Спиноза знал эти стихи и тихо улыбнулся. Почему именно эти стихи пришли ей на ум?

 
Взвилось копье, и внизу, где грудь подходит под шею,
Был ты проколот, Киллар. Задетое маленькой раной,
Сердце и тело за ним, лишь вынули меч, холодеют.
 

Проверив его знания латыни, Клара-Мария сказала: «Они далеки от совершенства. Придется потрудиться. Не правда ли?»

Спиноза не возражал. Она права. Его домашние познания латыни, приобретенные при помощи студента, не только далека от совершенства, но просто ничтожны.

Спиноза задумался.

Клара-Мария, развивая свою мысль по поводу предстоящих занятий, указала, что ее ученику следует изучить и греческий.

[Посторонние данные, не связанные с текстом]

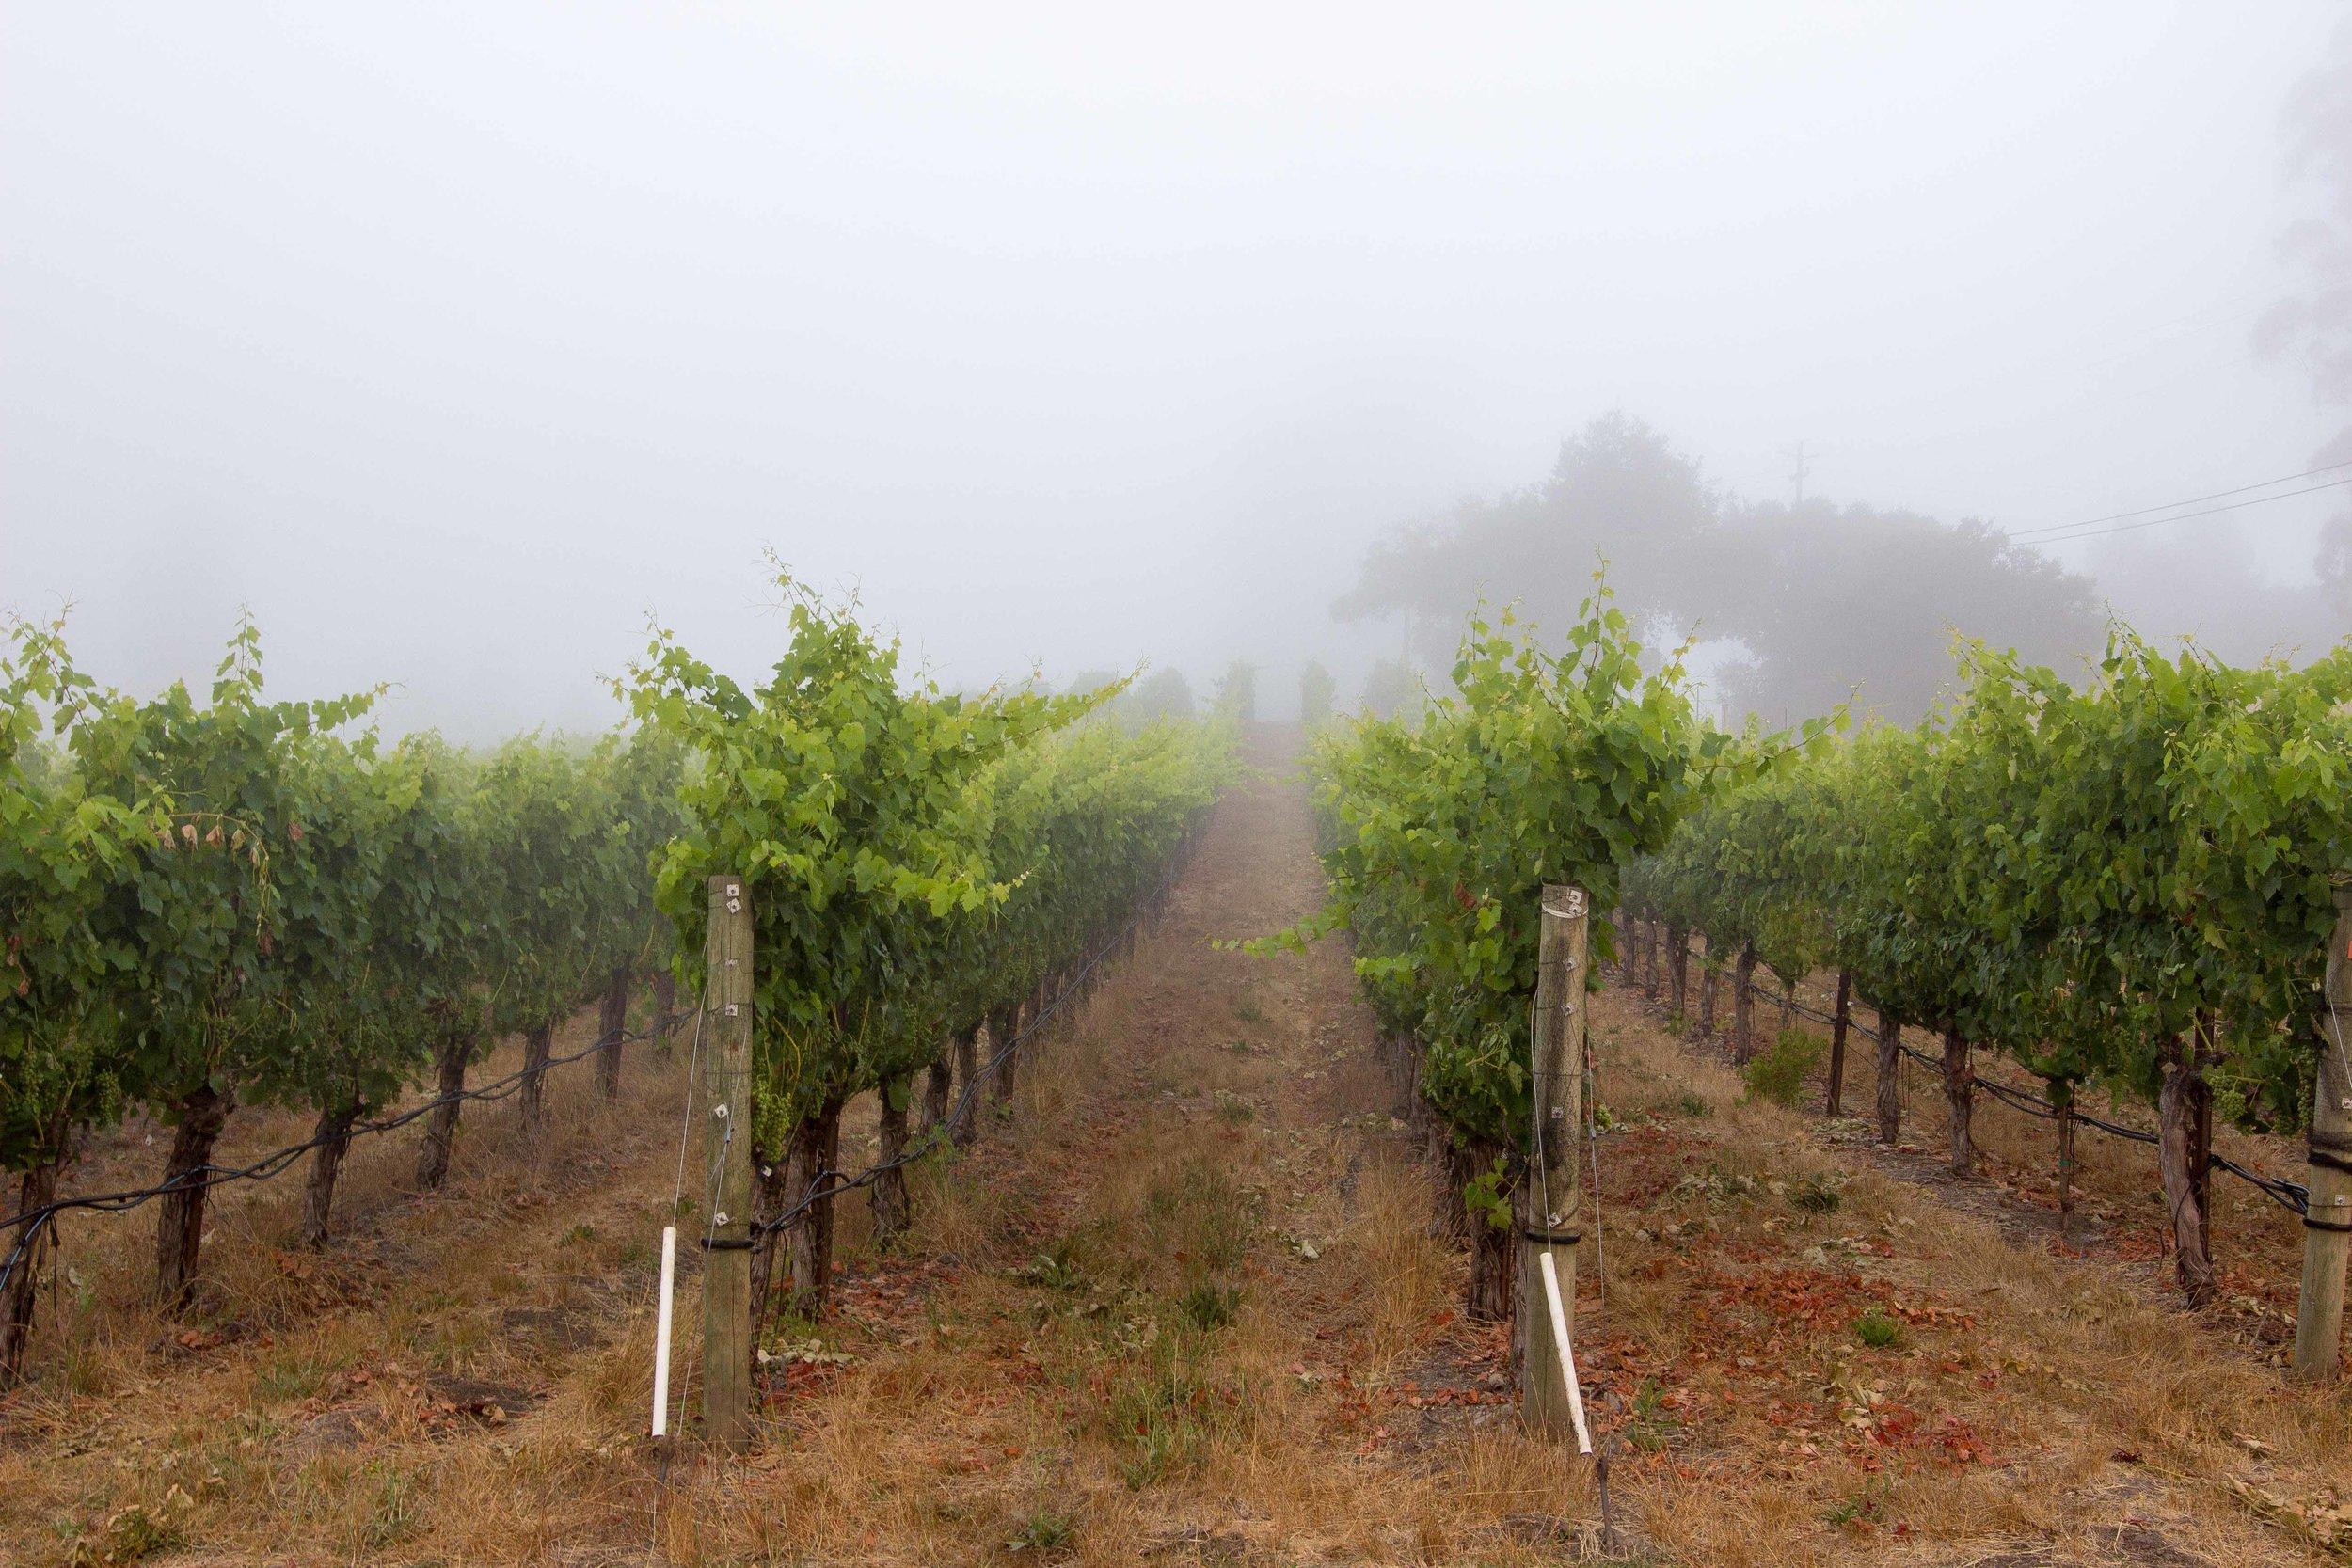 Fog in the Vineyards

– Непременно. И итальянский, – подхватил Спиноза.

– Зачем? – спросила она.

– Бруно писал по-итальянски. Его «Изгнание торжествующего зверя» и «О героическом энтузиазме» написаны на языке его родины.

– Хорошо, – уверенно произнесла девушка.

Несколько месяцев подряд Спиноза увлеченно изучал итальянский и греческий языки. Клара-Мария была поражена его энергией, его умением полностью посвятить себя желанному делу.

«Кажется, Спиноза меня не замечает, – думала она. – Он весь поглощен Демокритом и Эпикуром. Удивительный человек этот Спиноза: собранный, тихий и молчаливый!

Правда, иногда что-то находит на него. Это бывает редко, очень редко. Но тогда держись! Барух тогда прекрасен. Нет, конечно, не только тогда. Он всегда прекрасен, и в молчании своем».

Занятия в школе обычно кончались в четыре часа дня. Спиноза по вечерам возвращался домой в приподнятом настроении. Ему решительно все понравилось у Эндена: и классы, и ученики, и молодая девушка. Здесь свет, разум, свобода. Свобода! За нее стоит драться!

Никогда больше он не вернется в «Эц-хаим». Его место в школе Эндена. Через нее лежит путь в философию, в науку.